I had completed 19 weeks by then, but when I switched to .xlsx format, I ended up processing each week again, simply because it felt so satisfying to see how smoothly it consolidated them all into the same .xlsx file.
XLSX Instead of CSV
Initially hesitant to switch file types, I ultimately found the transition from .csv to .xlsx not only manageable but significantly beneficial.
This is how the errors looked, for the csv-file over and over (it’s in Danish, I mainly wrote everything in English, but at some point, I got tired and annoyed and switched to Danish – I’m sure you catch the drift, even if you don’t know the language).
Then I modified the GPT, adding a .xlsx file to its instructions and converting the format from .csv to .xlsx. This adjustment was straightforward and made a significant difference.
I encountered only 2-3 errors throughout the entire 39 weeks. I still had to add them one week at a time. Writing “Now do week 19” and upload the JPEG. Manageable, but a bit boring.

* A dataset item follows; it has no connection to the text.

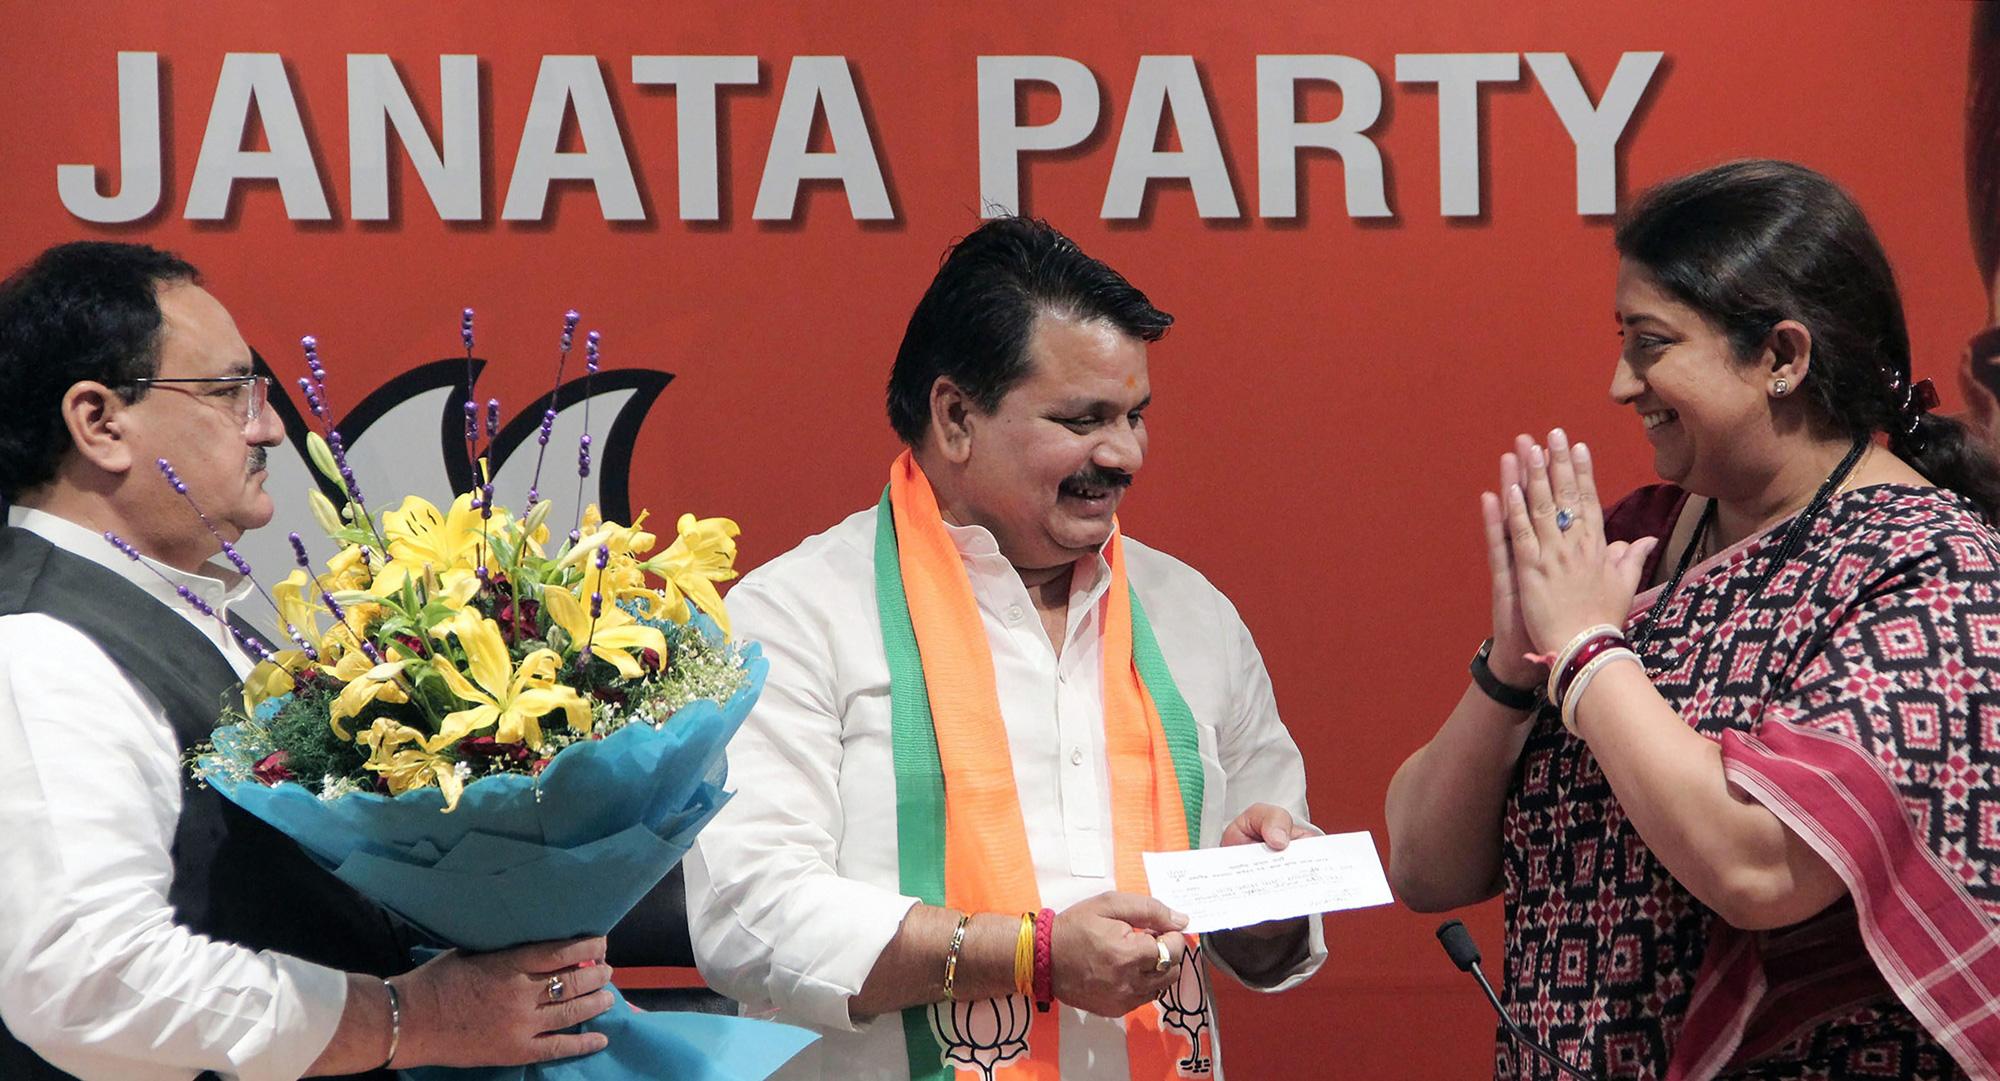 BSP leader Chandra Prakash Mishra joins Bharatiya Janata Party in the presence of senior party leaders Smriti Irani and Jagat Prakash Nadda at Party Headquaters, in New Delhi on Wednesday, March 20, 2019.

By the end it looked like this:
Now for the actual analysis
I then asked ChatGPT4 to function as a data analyst to identify patterns and propose potential stories for the university newspaper. While it performed adequately, the insights were not beyond what could be achieved through a basic brainstorming session.
Then I tried to ask it to emphasise every meal containing pork with pink text:
It wasn’t impressive.
Apparently butter chicken is pork. While pulled pork isn’t.
When I changed my prompt to ‘act like a chef and look for pork (eg. bacon, ham)’ it went a bit better. I still had to read it myself and correct a few errors (eg. translating fiskefrikadeller to fish meatballs instead of fish fritters and then stating meatballs equals pork).
But all in all:
- Transcribing the JPEGs manually would have been considerably more time-consuming. While focusing solely on counting pork meals might have allowed for quicker completion, this approach would not have provided the complete dataset.
- Creating a GPT for the .xlsx format streamlined the process significantly, 10/10 would recommend!
So if any of my students want to do the actually journalism, they can download the file here (if allergens or English translation isn’t provided, it wasn’t provided by the canteen).
Comparing Other AI Tools
I tested Claude (3 Sonnet), Co-pilot, and Gemini. Although as well, my testing was not exhaustive, but initial impressions suggest:
- Claude effectively provided the data but could not generate a spreadsheet, so you would have to copy/paste all of the data
- Co-Pilot initially refused to perform the task but has since proven capable, though manual data transfer remains necessary as well
- Gemini executed the task smoothly, even creating a Google Sheet with the data. However, it struggled to add additional data to an existing sheet (I’m sure they’re going to fix that soon!)
All in all, AI can be somewhat buggy regardless of the bot you choose, requiring patience and creativity to devise workarounds when issues arise. However, when used effectively, it can significantly simplify sorting data.